Natches. Knew he would never, ever risk a child of his so cavalierly. He was so damned

protective over family that even Cranston feared him. He would kill for them. He had

proven it.

“Chay.” He breathed her name against her lips, and she felt herself weaken. Her knees.

Her soul. Something inside her, something she needed for protection, to hold back the

dreams and the loss and the years she had run, even from herself, began to crack. “Let me

have you like that. Just us. Just the chance that we could dream together like that.”

ELEVEN

Natches could feel himself shaking inside, a need, a hunger he couldn’t control, didn’t

want to control, rising inside him.

Chaya. Just her name invoked the power to make his knees weak, to make him hard, to

make him want to believe in miracles and to reach for them.
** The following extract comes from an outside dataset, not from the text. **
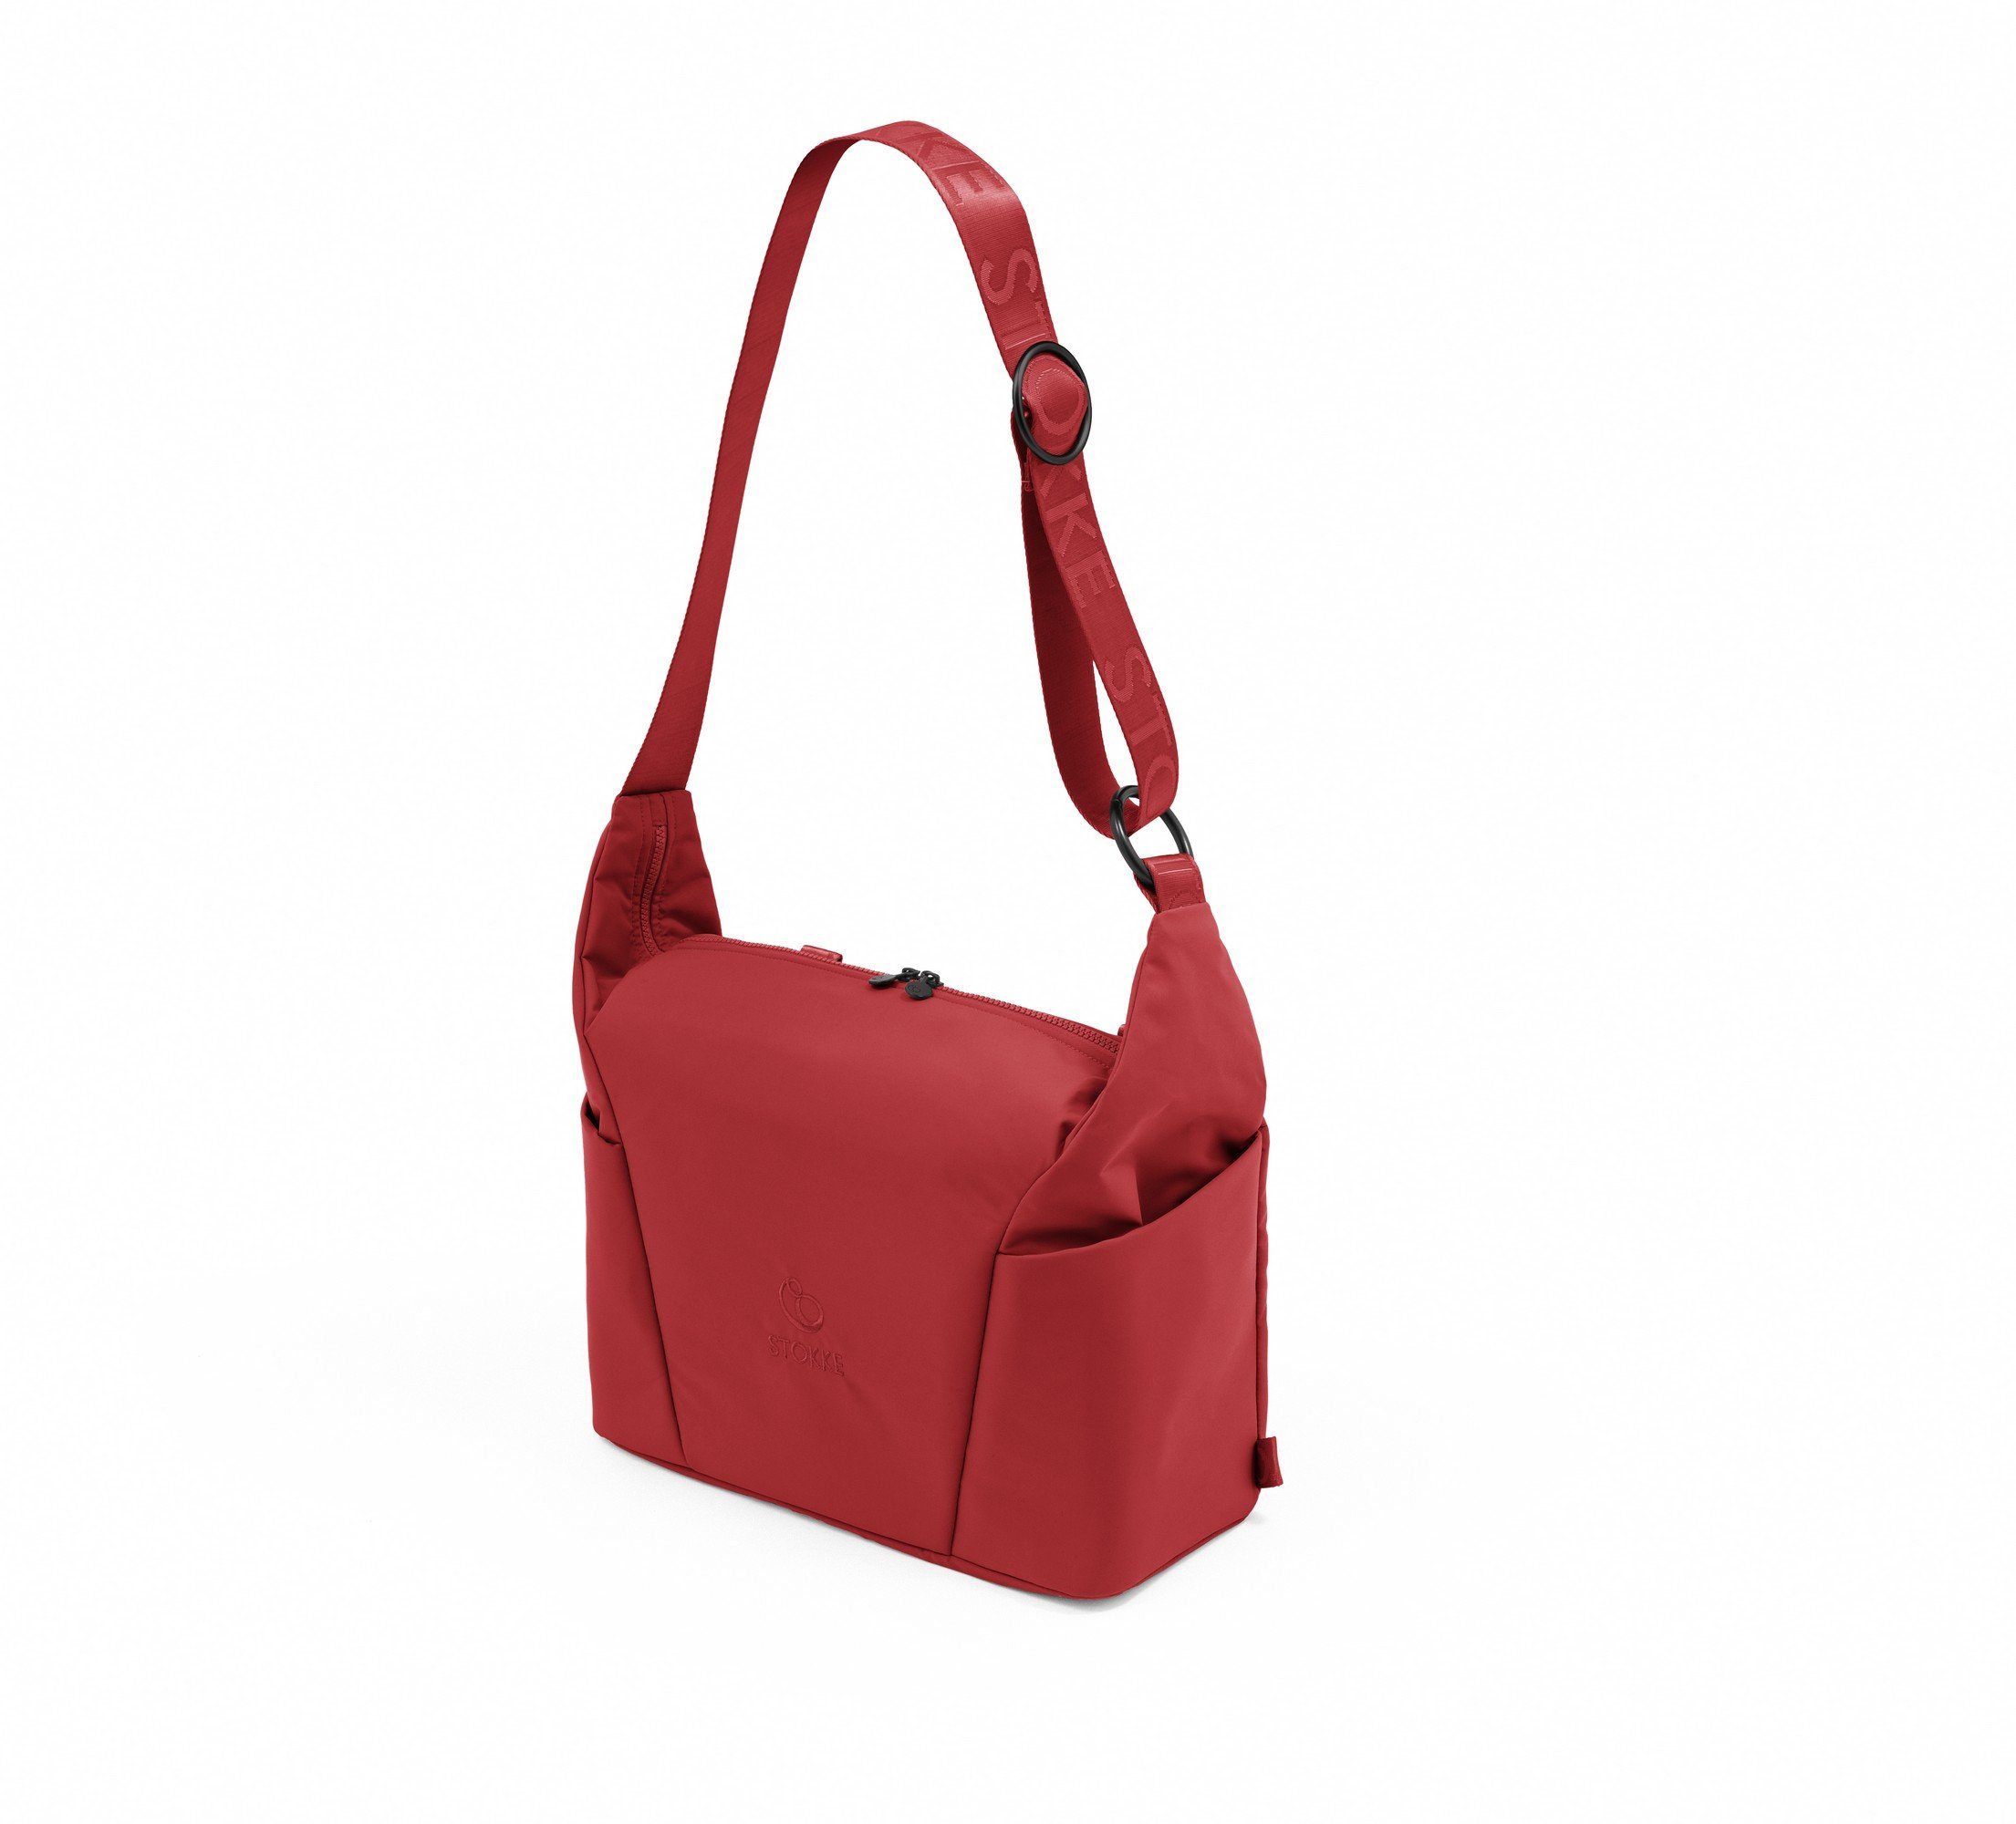 Xplory Trageoptionen Wickeltasche auch passend für - den Stokke X zwei Red Tasche mit Ruby

The boy inside him that had once screamed out in the darkened forest, howling in fury at

the loneliness, the pain that melded through his body, howled out now in hope.

Because Chaya was here. For such a brief moment in time in a foreign desert, in a hostile

land, Natches had known peace. One night, so far away that it felt like a dream, he had

held her in his arms and knew she belonged to him. No matter what happened, no matter

where life took either of them, he had found the one person that was his alone.